Essentially, and this is simplified for the sake of this example, I have 2 tables.
Based on the Groups listed out in Table A, I need to be able to provide a total score for each type of Item.
Initially working with a subset of Test data, I merged the 2 tables and then summed up the scores. This worked for my Test data, but for the actual real data I am running into issues - due to the fact that I have 20m Groups each expanding out into 10 Items = 200m rows - PBI is taking way to long to do this and times out (keeping in mind in real life the data is a bit more complex and the tables wider)
Does anyone have any suggestions of now I might handle this more efficiently? Can't help thinking there's something obvious I'm overlooking here.
Thanks!!
Solved! Go to Solution.
There's a typo in your expected result - g is appearing 10 times not 9 times. So the total is 911, not 902.
You may want to try TREATAS as an alternative, it will likely perform better with larger data sets
I probably didn't explain well enough I think 😛
So in your SUMMARIZECOLUMNS you used GroupIDs[Group] - this is the distinct list of Groups - ie A, B , C, D each listed once.
I don't have the equivilent of GroupIDs[Group] - I have to use my equvilent of Groups[Group] which has each Group appearing multiple times.
In terms of efficiency, I should do it your way - ie have one table with each unique value. If I put Groups[Group] into your formula, obviously it doesn't work as the counts and sums are all wrong.
So what's the best way to get this unique list from an efficiency point of view?
If I create it in PQ by duplicating the table and removing duplicates, it's not efficient as I have 211m rows.
Would writing it in DAX be better as a calculated table? Would this impact me using it in the formula?
Essentially - how do I create a table with just distinct values of Group so I can use it in the measure? - in the most efficient way 🙂
I see. A DAX calculated table (using VALUES for example) is more efficient but you may run into circular reference errors. Try it out.
OK I now have a really good understanding of how this all works. Many thanks I wouldn't have got there without you.
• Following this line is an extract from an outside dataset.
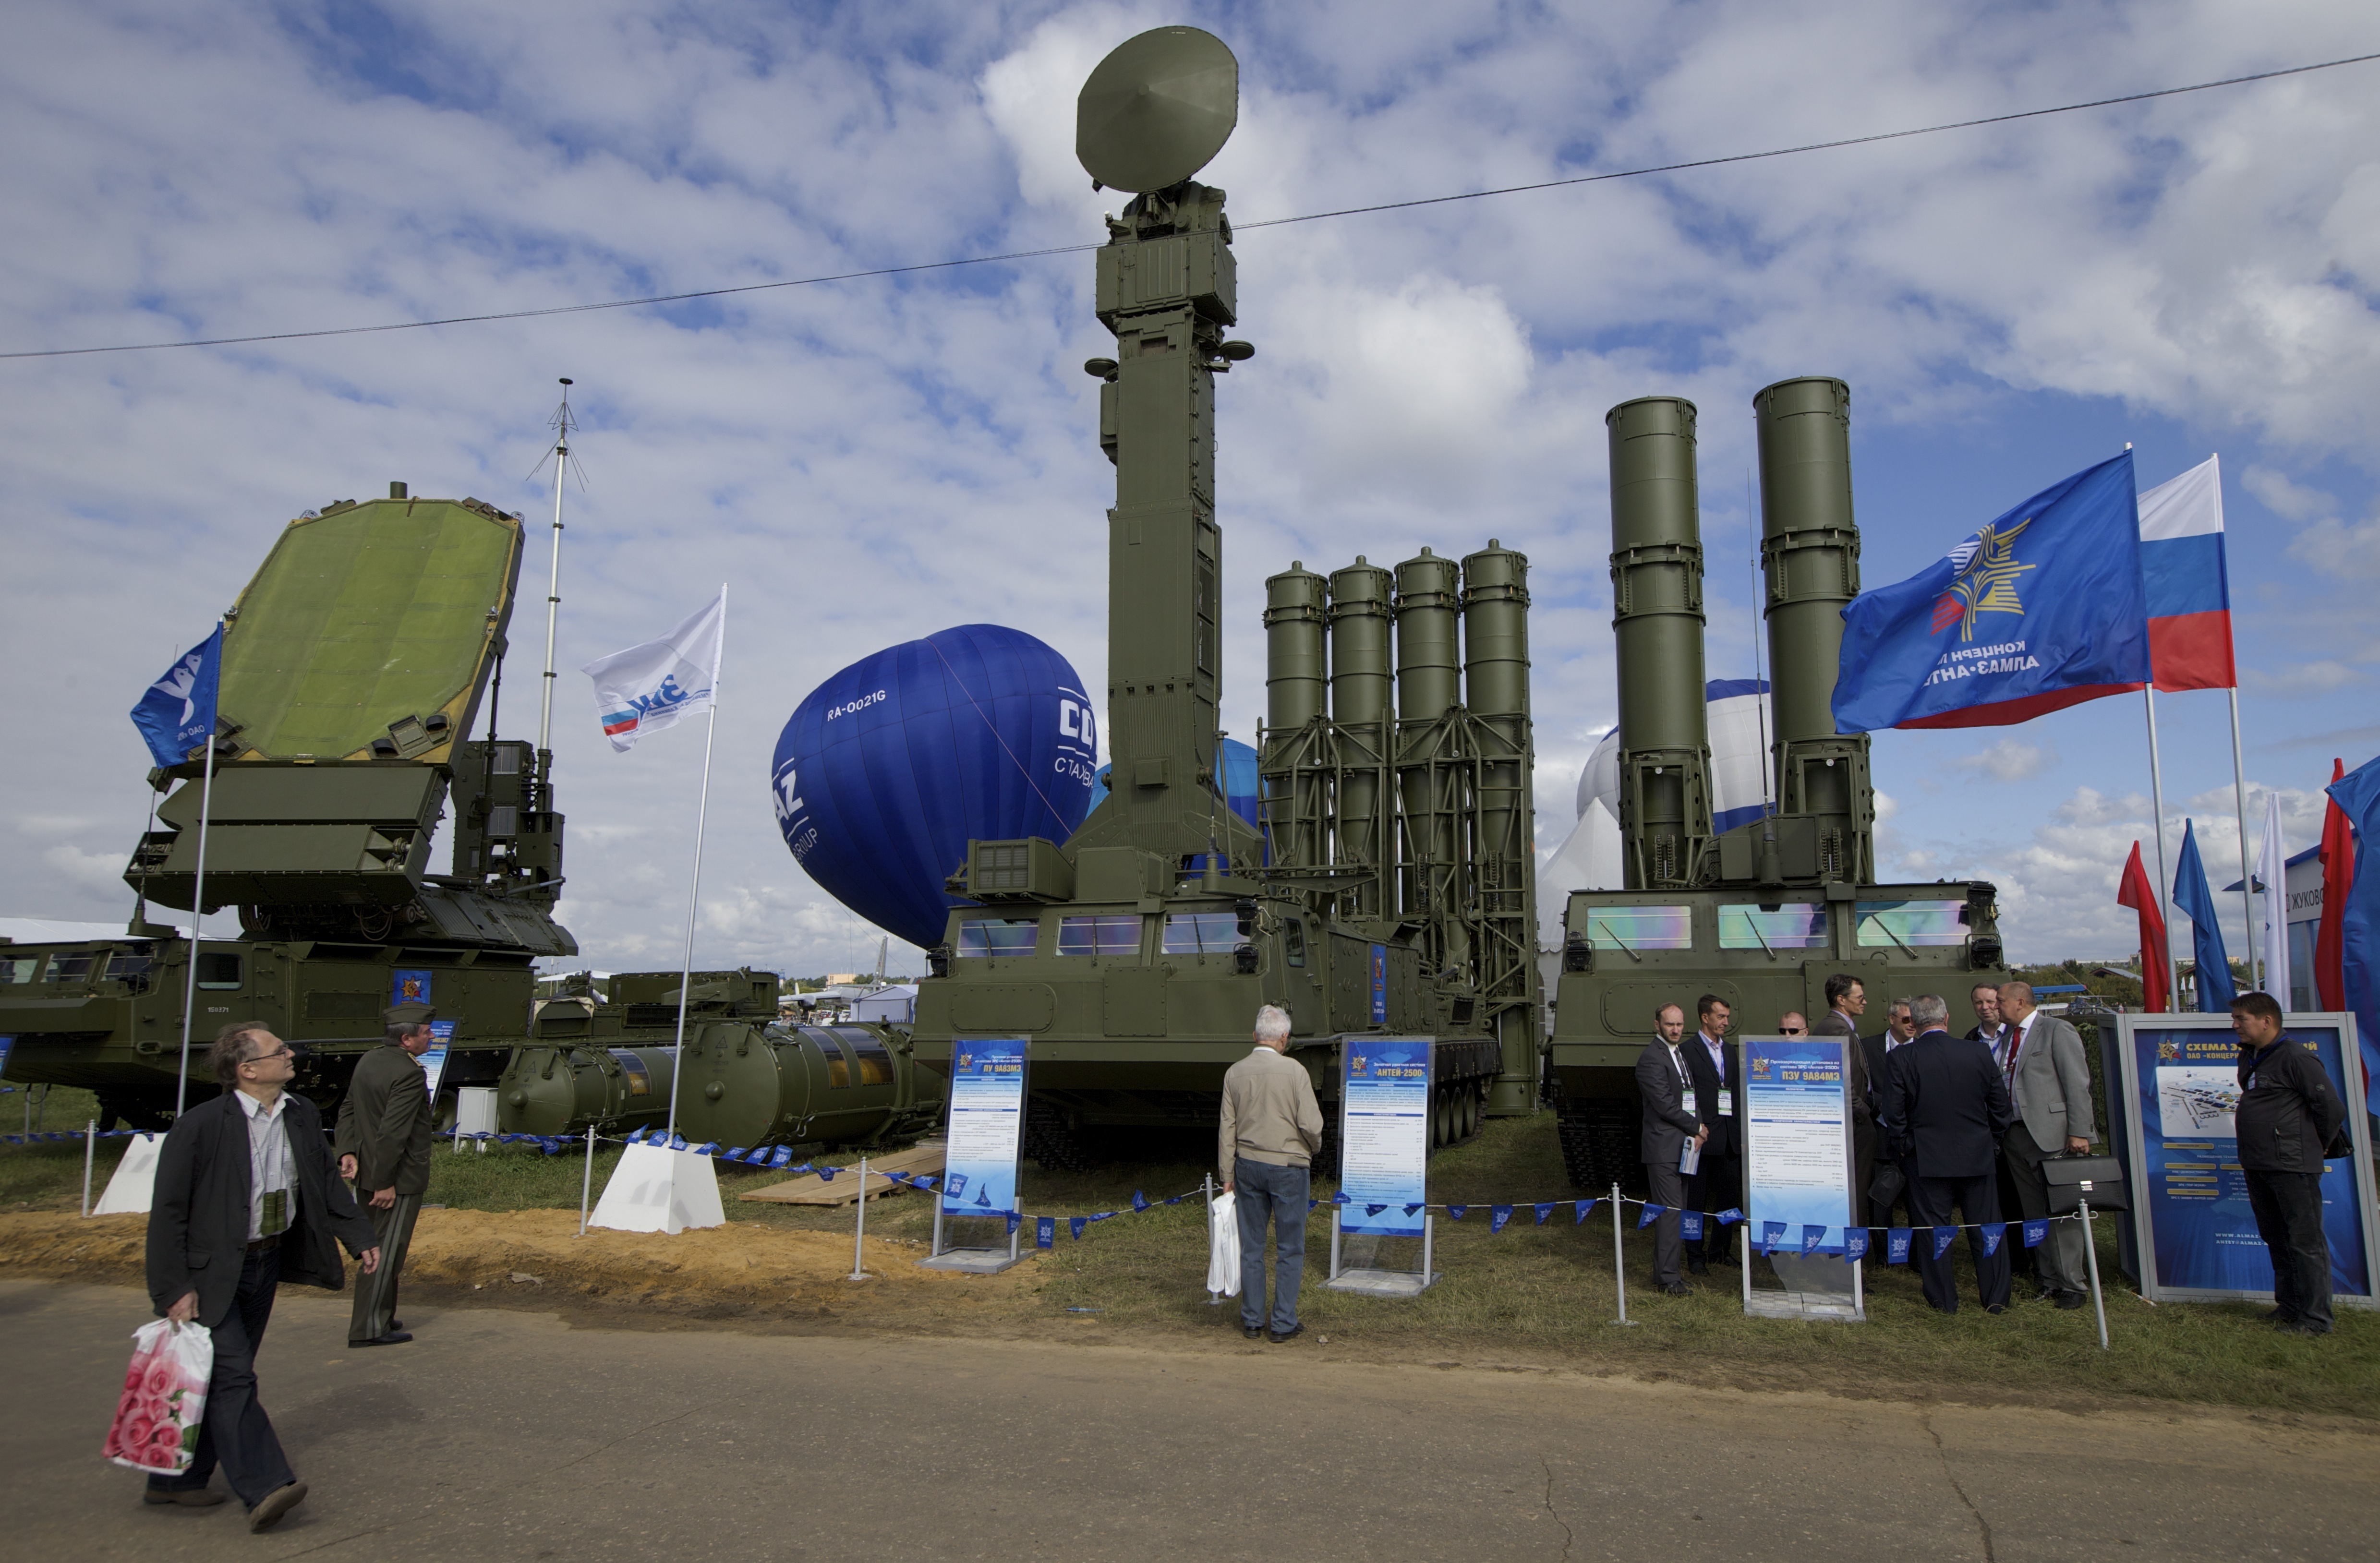 The Russian air defence system missile system Antey 2500, or S-300 VM

I do have one issue - I would like to know if I can create a table of distinct values within the SUMMARIZECOLUMNS formula. Due to how my real data is, I don't really have a GROUP table equivilant with a distinct listing of groups. Due to the fact creating this in PQ would have a lot of overhead due to the volume of data, I was hoping I could do something like:
SUMMARIZECOLUMNS(DISTINCT('Group Item Values'[Group]),'Group Item Values'[Item],
Doesn't work though. If I just do the DISTINCT bit, I can see it indeed creates a table with distinct Group values, but I can't work out how to use this within the SUMMARIZECOLUMNS formula. I tried assinging it to a variable but that didn't work either. Thanks!!
SUMMARIZE and SUMMARIZECOLUMNS already do the grouping for you. There is no need for DISTINCT.
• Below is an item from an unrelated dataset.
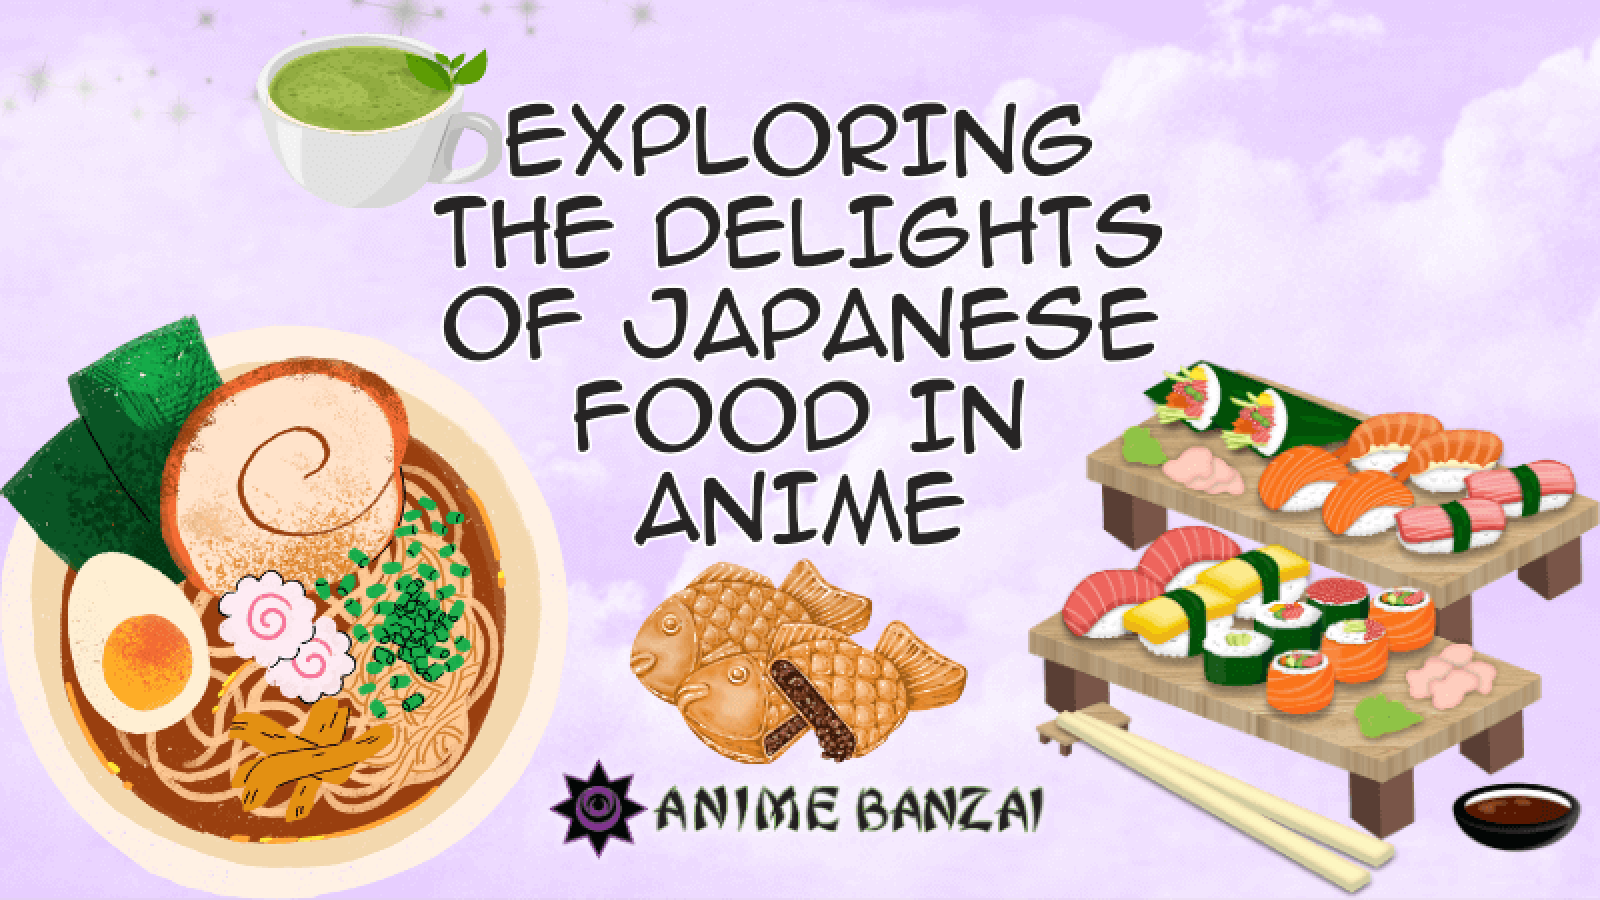 Japanese Food in Anime Blog Title Card

You can assign tables to variables but your measure eventually needs to return a scalar value.
Please provide sample data that fully covers your issue.
Please show the expected outcome based on the sample data you provided.
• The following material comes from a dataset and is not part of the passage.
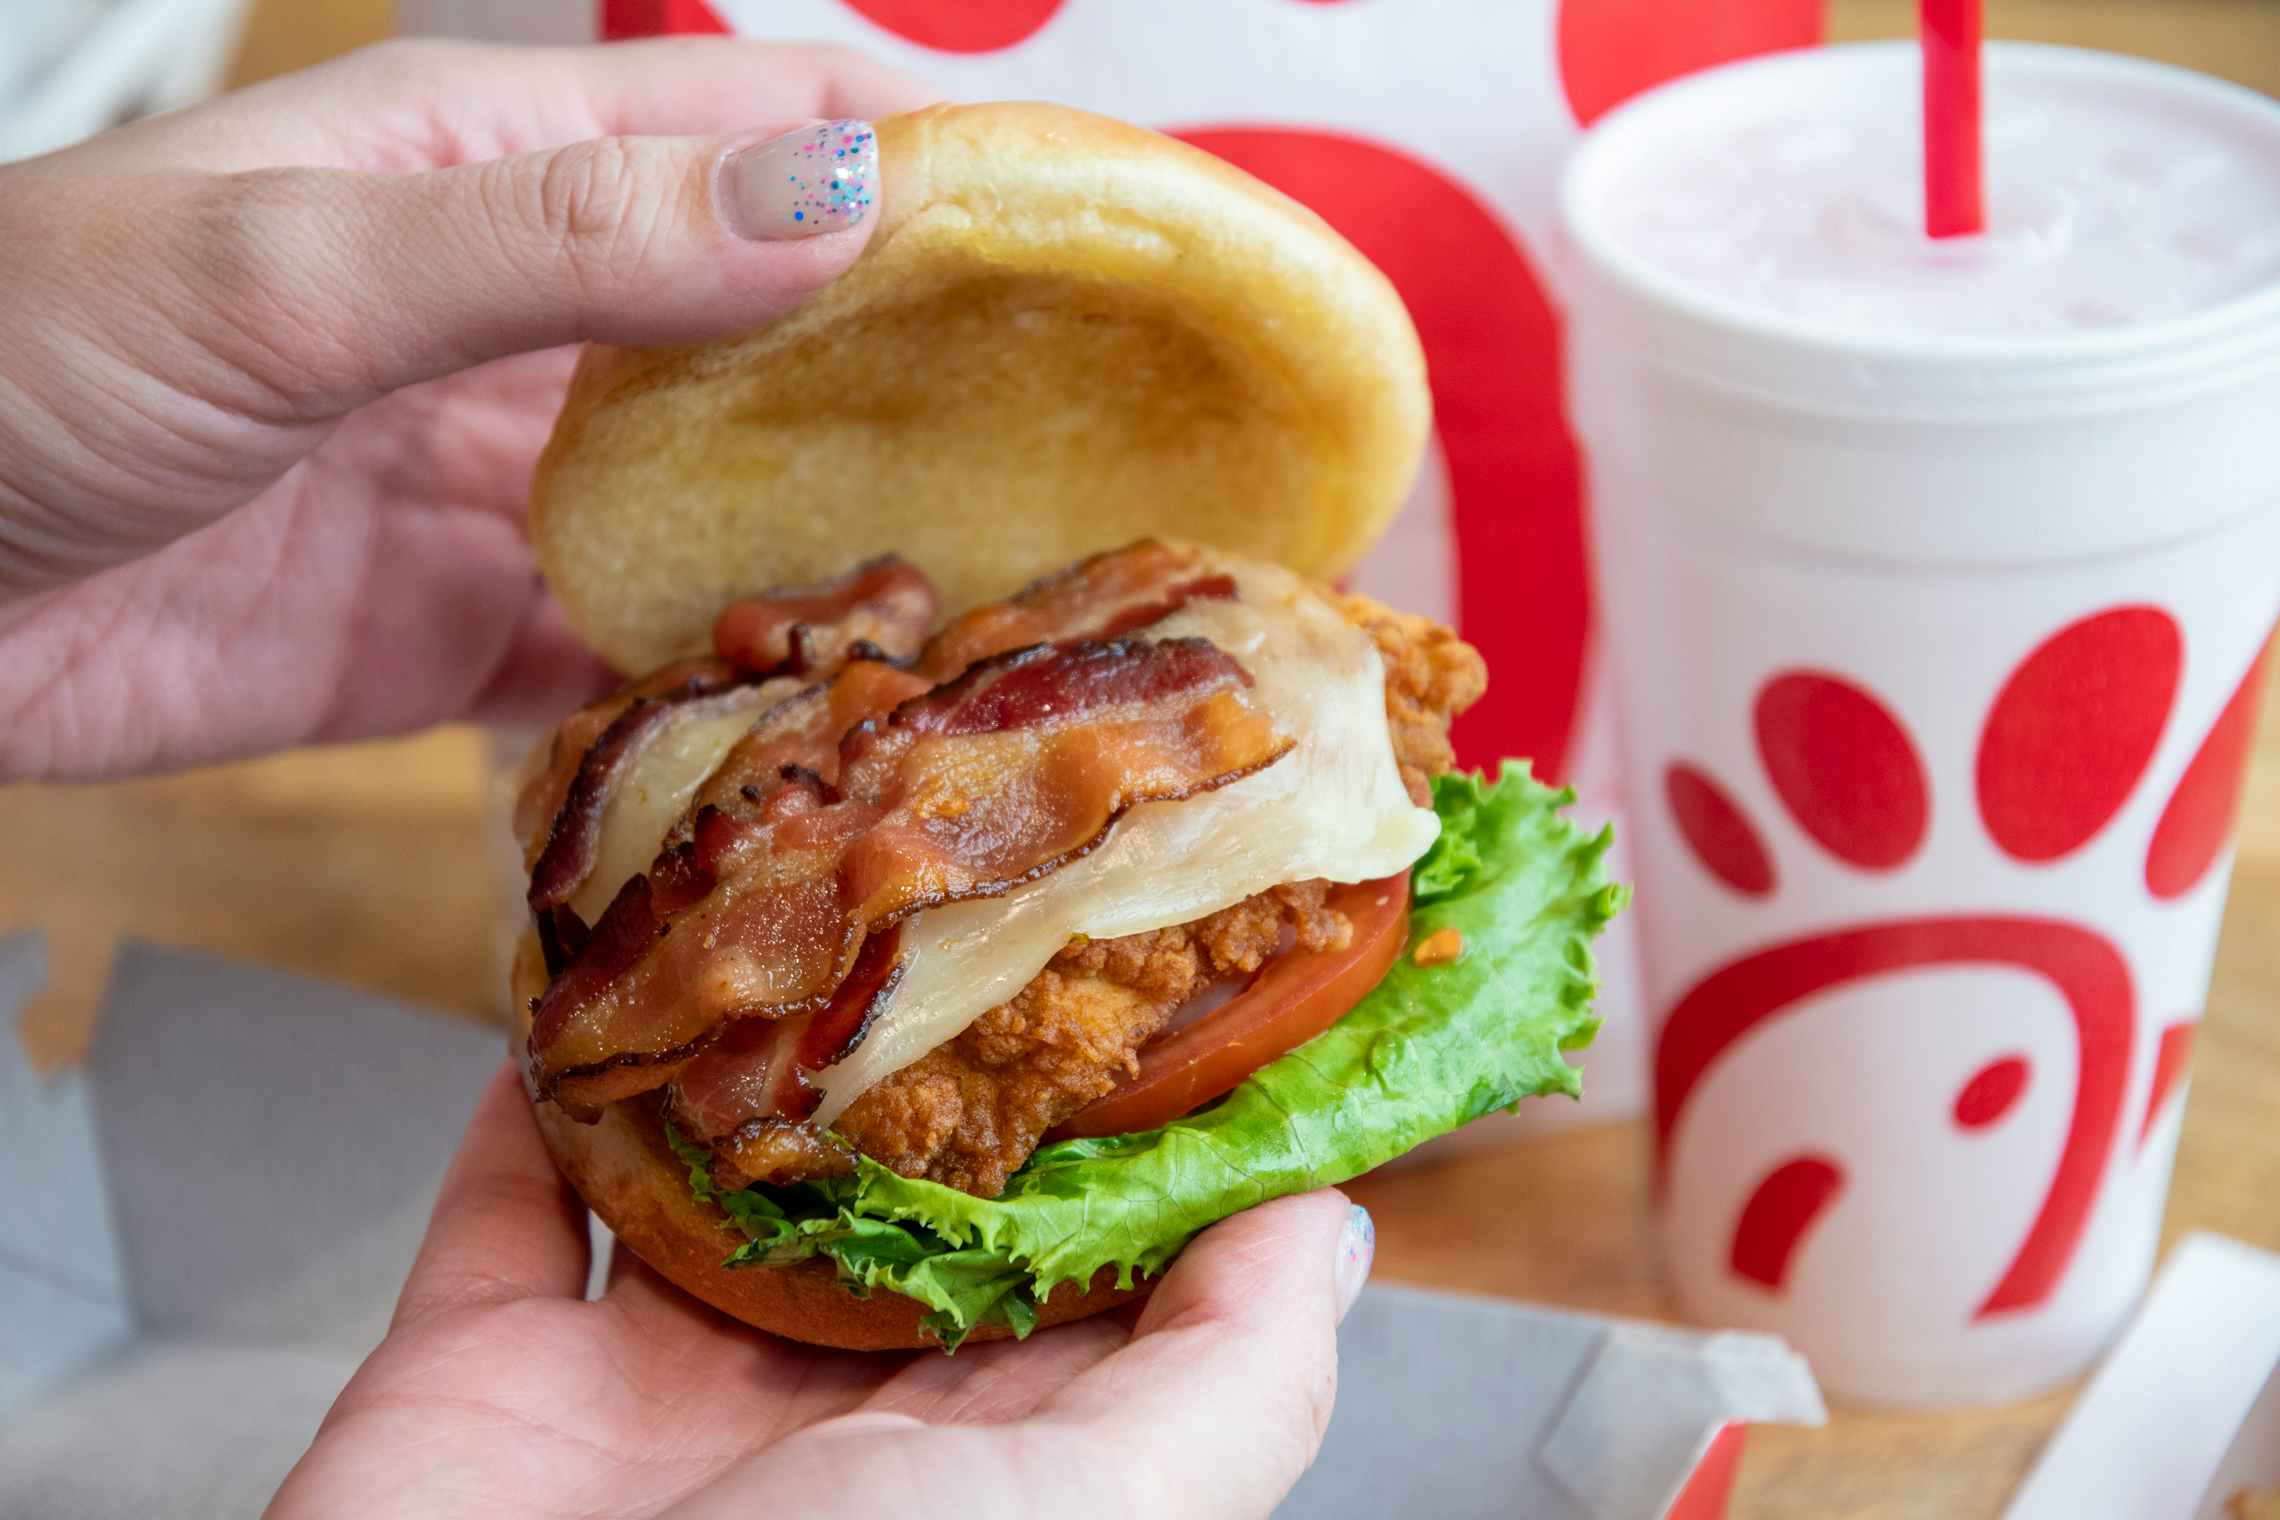 A person's hands lifting the top bun off of a Chick-fil-A chicken sandwich with bacon to show the ingredients. On the table in the background is a Chick-fil-A bag and drink cup.

I appreciate you taking the time to write this up. I had actually been looking into Summarizecolumns and Addcolumns to further my understanding, but this aides me further by clearly spelling it out. Many thanks!
I've been trying to understand how exactly "Item Count" and "Value Sum" work. Could you maybe in english just explain the logic behind them? I'm new to DAX so can't quite work it out at present! Thanks in advance.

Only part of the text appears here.